"Heaving To"


edmund_steele
 

S/V DoodleBug (SM331) has just completed a 12,000 mile run from
Kemah, Texas to New Zealand. During the passage we "heaved
to" maybe 4 or 5 times, in winds of up to 25 knots – usually
because
we arrived too early for a reef pass entrance. I had read in the
sailing literature that a ketch will generally "heave to" on
just a
hard sheeted mizzen and an e-mail exchange with another Amel owner
had confirmed this to be true for the Super Maramu. My experience is
that with just the mizzen, the boat will oscillate between 30 degrees
and 60 degrees to the wind – i.e. the "correct" heave to
angle.

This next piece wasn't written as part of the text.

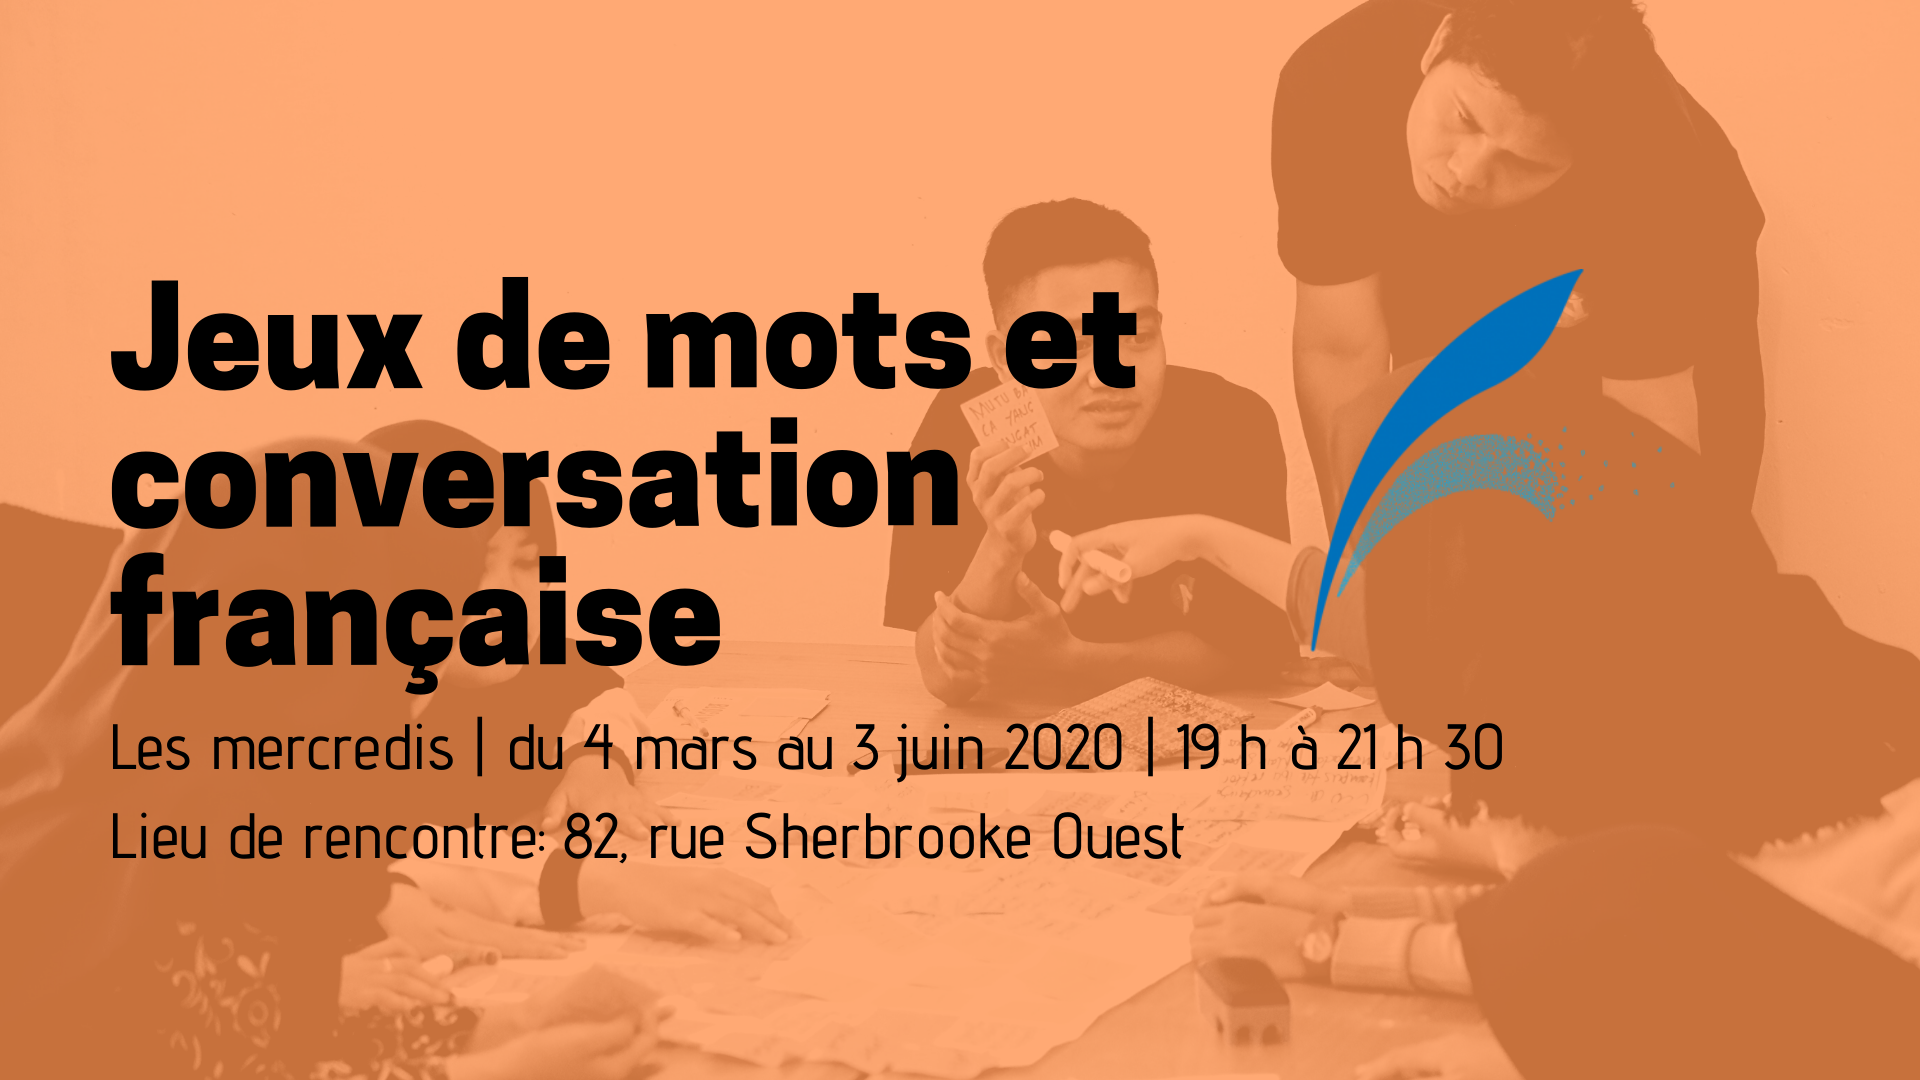 Jeux de mots et conversation française

The
problem is that it then rolls badly in a moderate sea and contrary to
many authors glowing comments about how comfortable the heaved to
position is and how they will cook dinner etc., I have found that the
boat motion is extremely uncomfortable and sailing slowly in any
direction is to be preferred. It was suggested to me that the problem
is that the mizzen is too small to adequately damp the rolling and
that the traditional heave to method of a backed jib plus reefed
mainsail would leave the boat slightly heeled with little or no roll.
Do any other Amel owners have any comments or experience with this?
Has anyone heaved to in order to wait out severe weather on passage?